▸ **ABOUT THIS TASK**: Starting at the line below with "Dental XingXing Pathological" and stopping at the line with "全新本田SUV皓影 将于9月25日开启预售", please print each line exactly, those two included, and skip every picture.

[[ DATA RECORDS open ]]

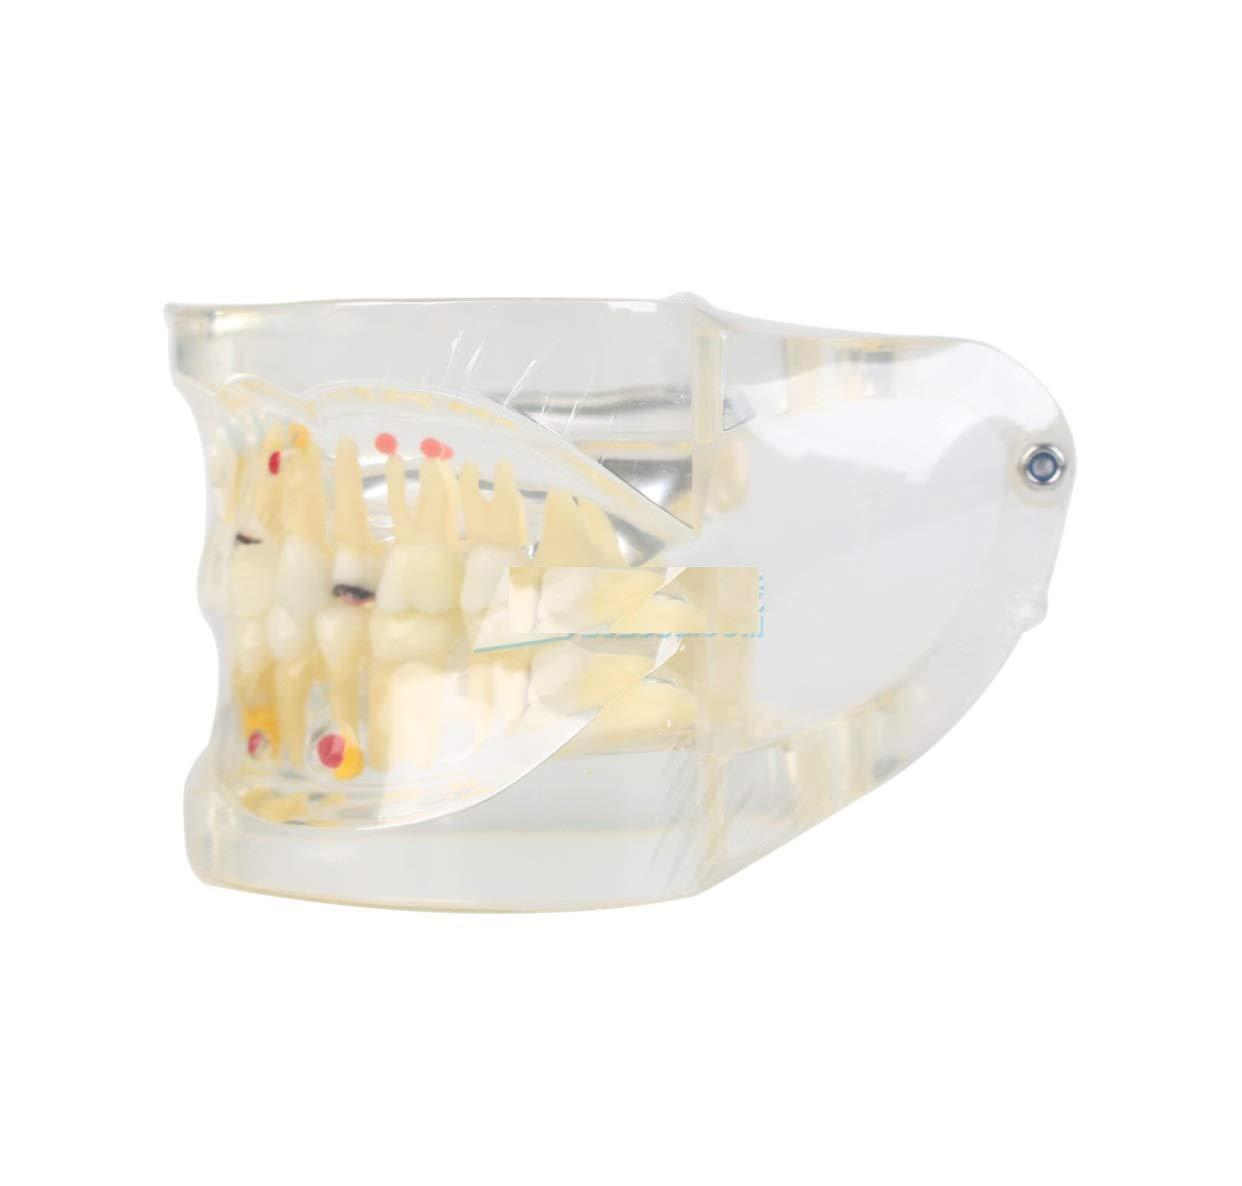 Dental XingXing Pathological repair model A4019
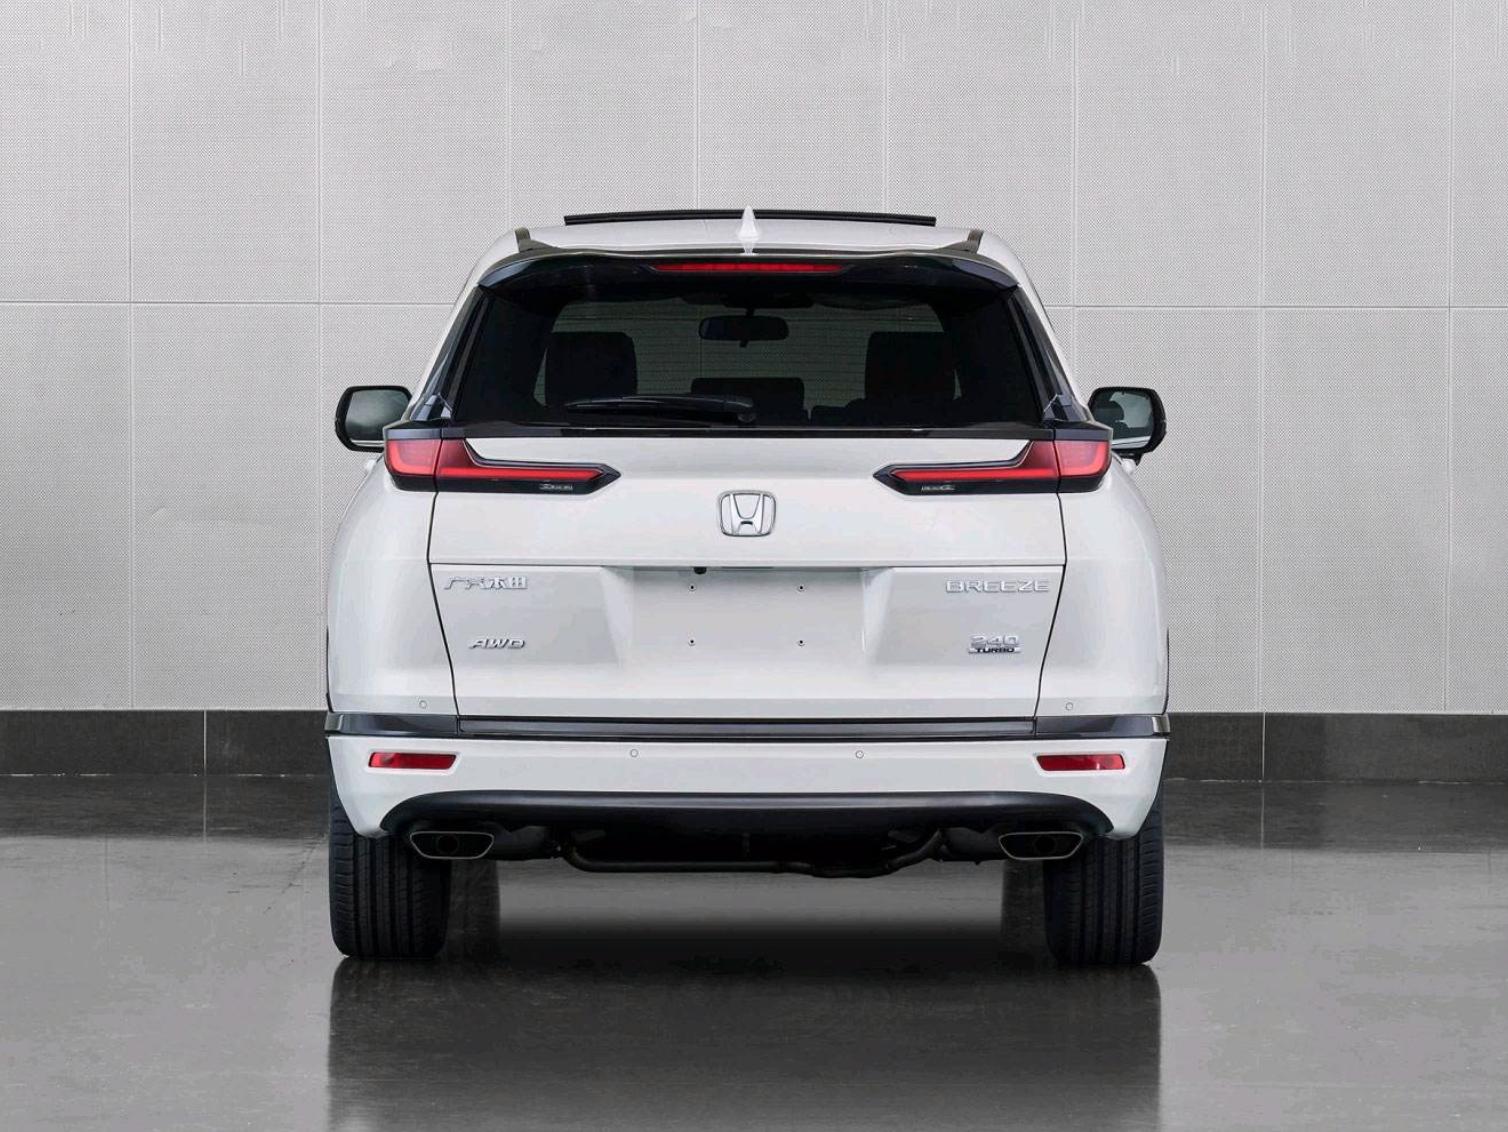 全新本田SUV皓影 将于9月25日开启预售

[[ DATA RECORDS closed ]]
[[ DATA RECORDS open ]]

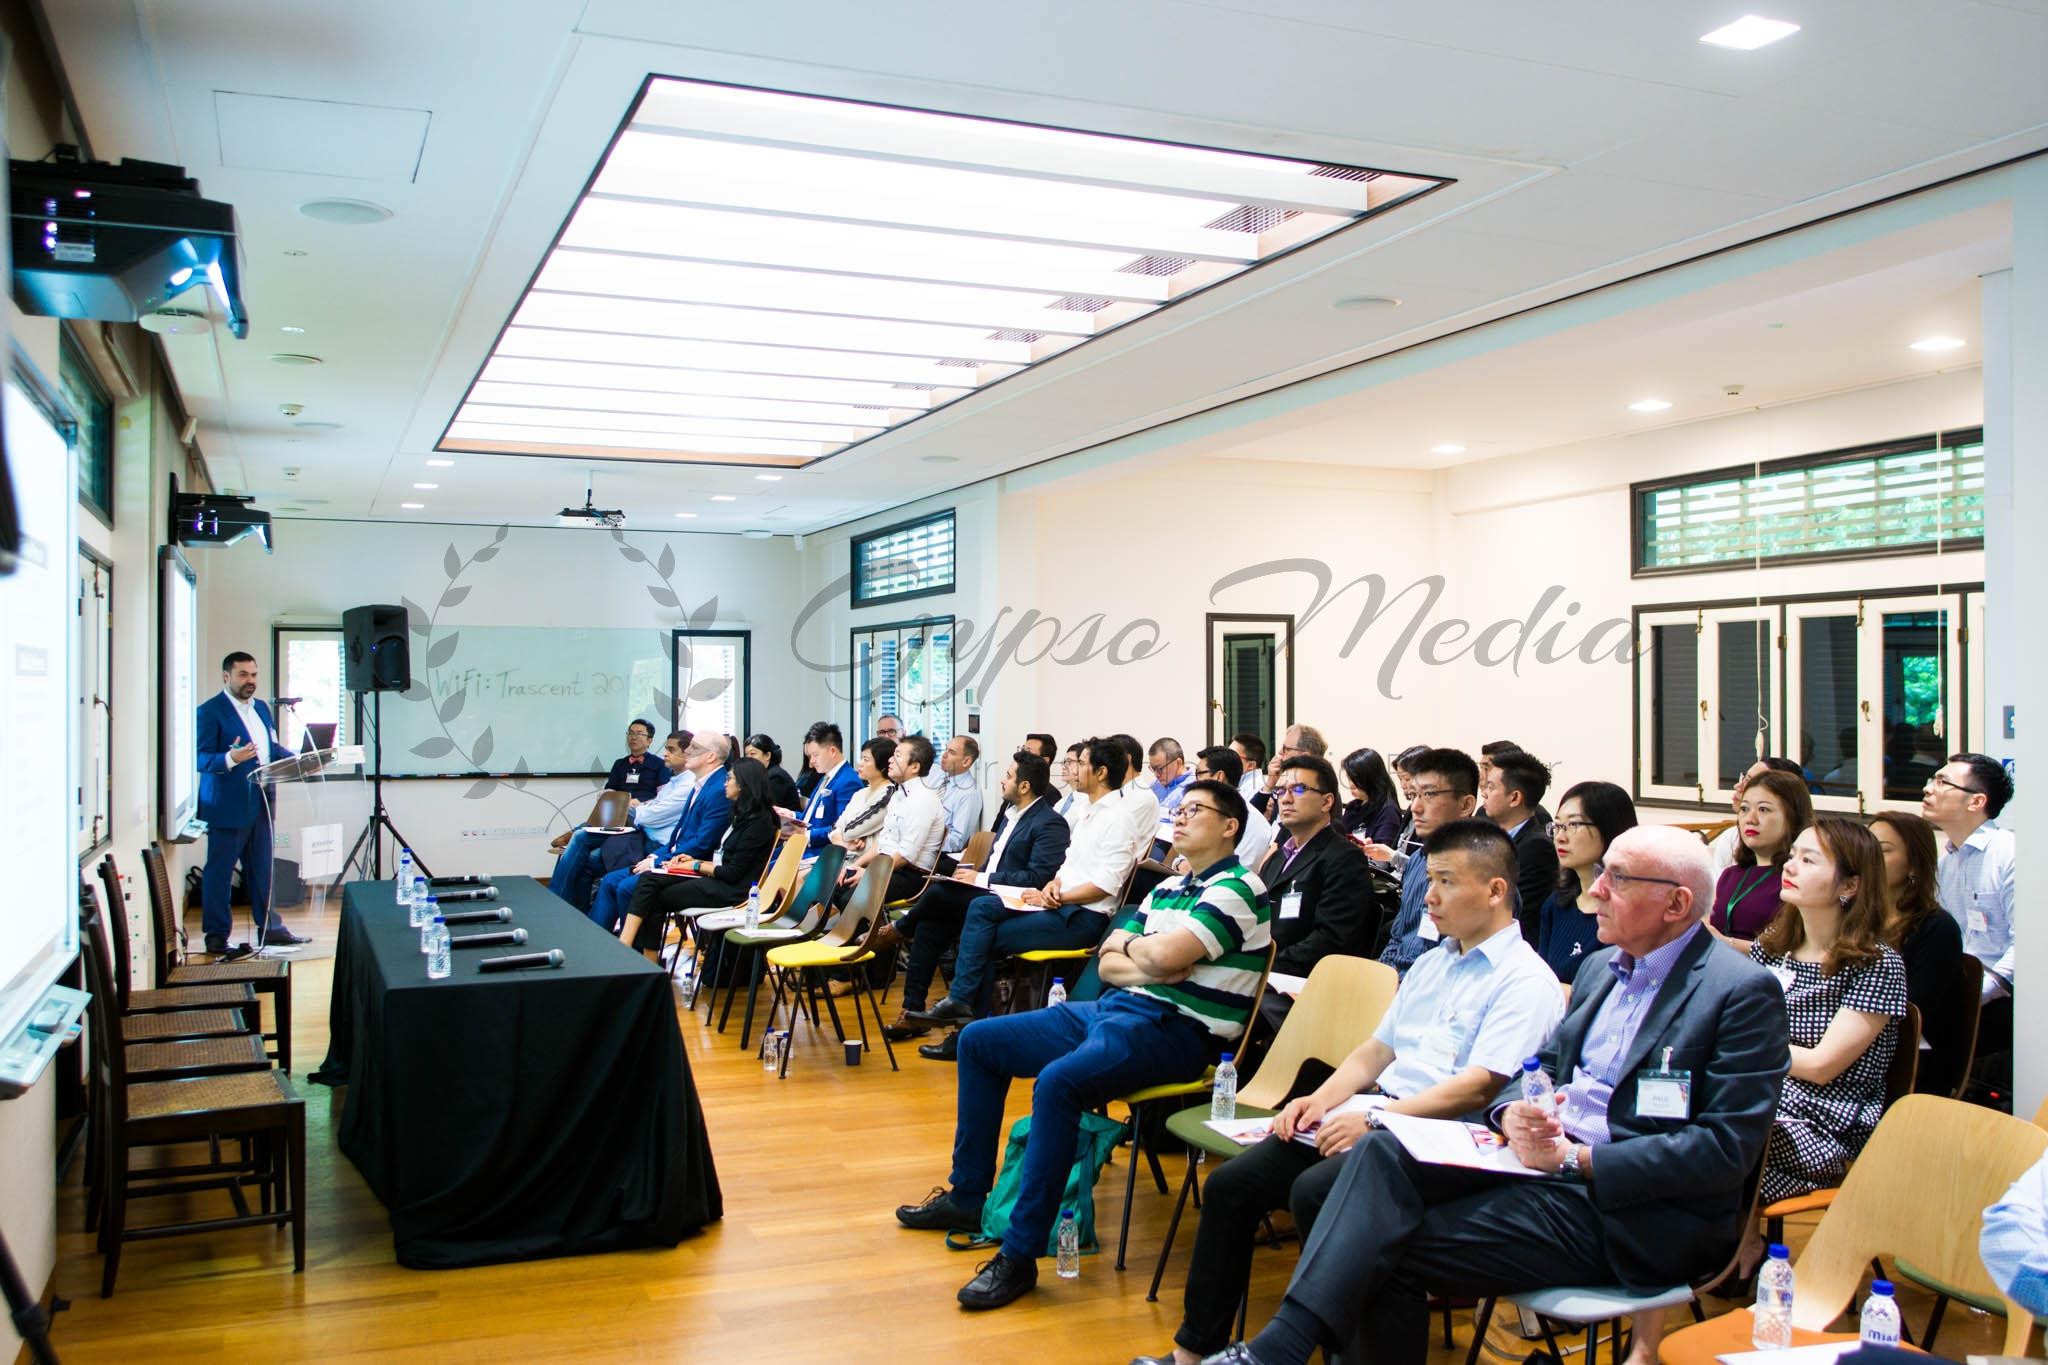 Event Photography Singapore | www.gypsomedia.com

[[ DATA RECORDS closed ]]
[[ DATA RECORDS open ]]

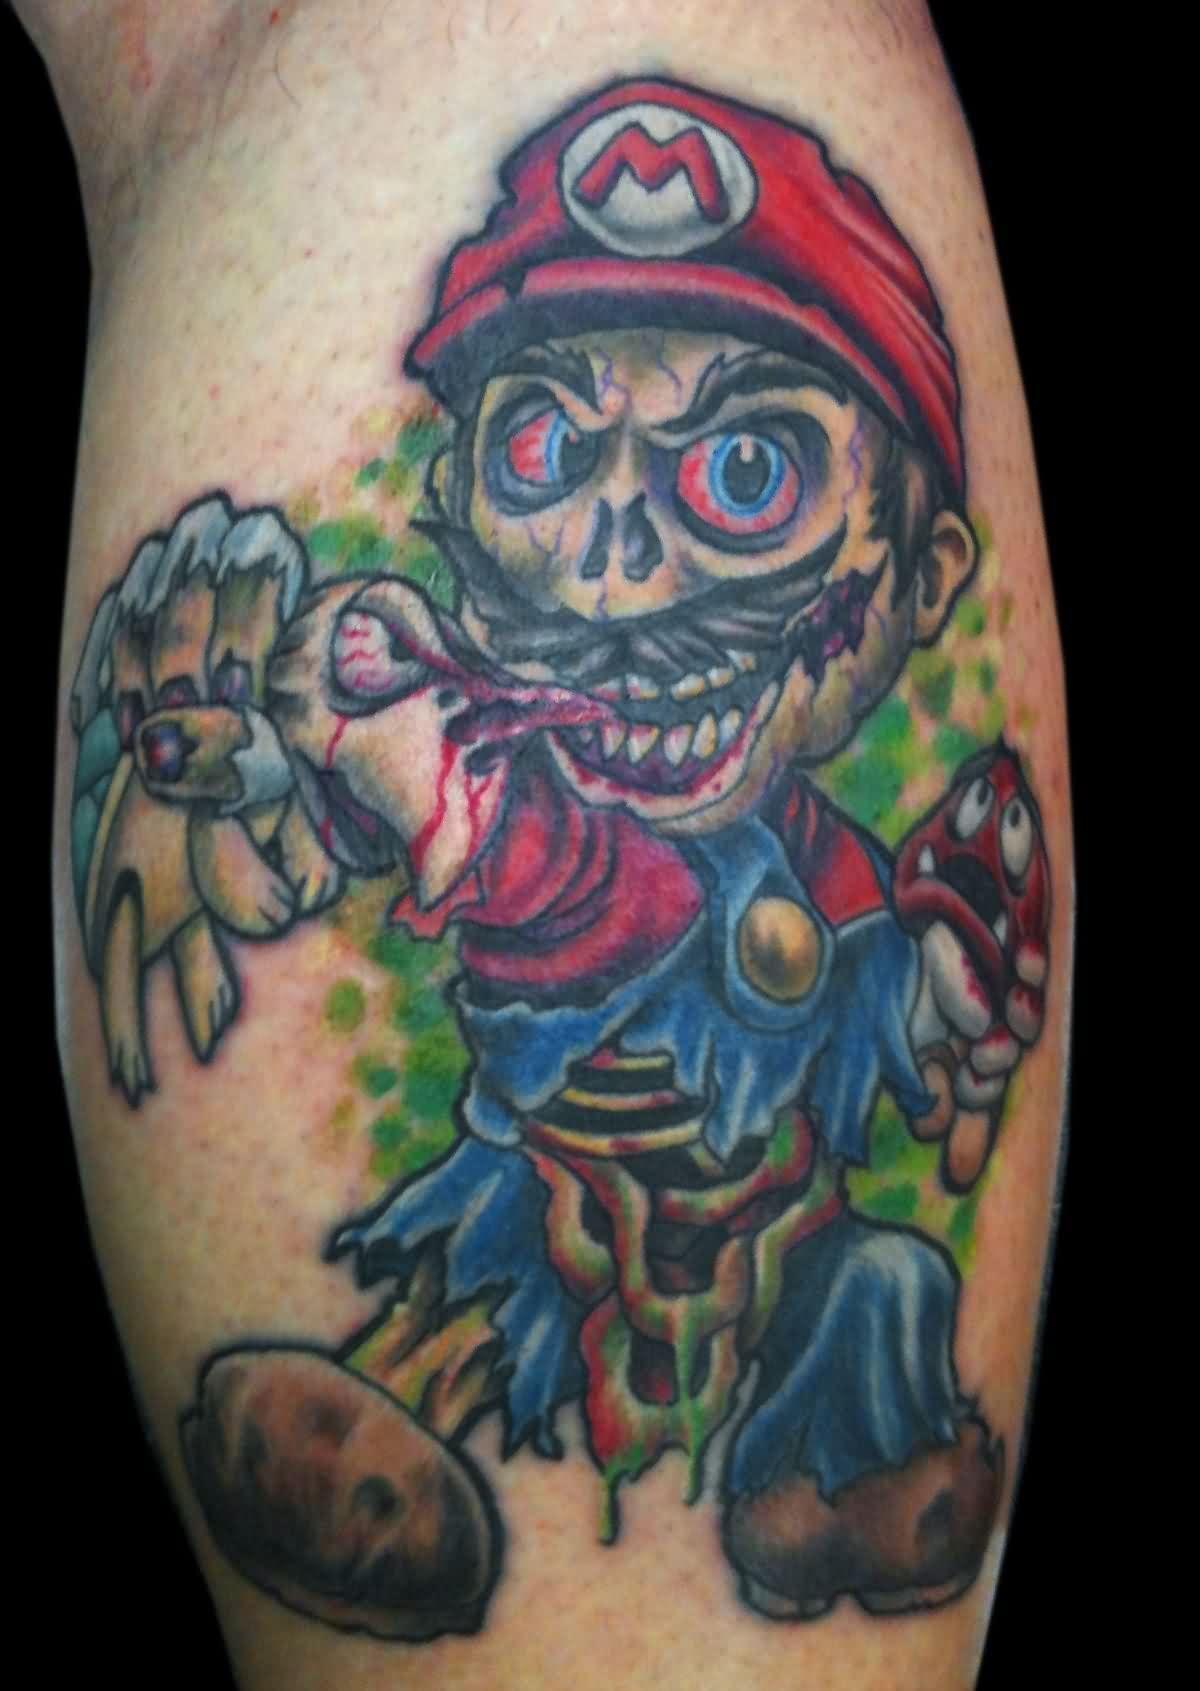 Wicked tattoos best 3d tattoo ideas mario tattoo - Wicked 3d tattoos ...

[[ DATA RECORDS closed ]]

▸ **ANSWER TO THE PROBLEM**:
 Dental XingXing Pathological repair model A4019
 全新本田SUV皓影 将于9月25日开启预售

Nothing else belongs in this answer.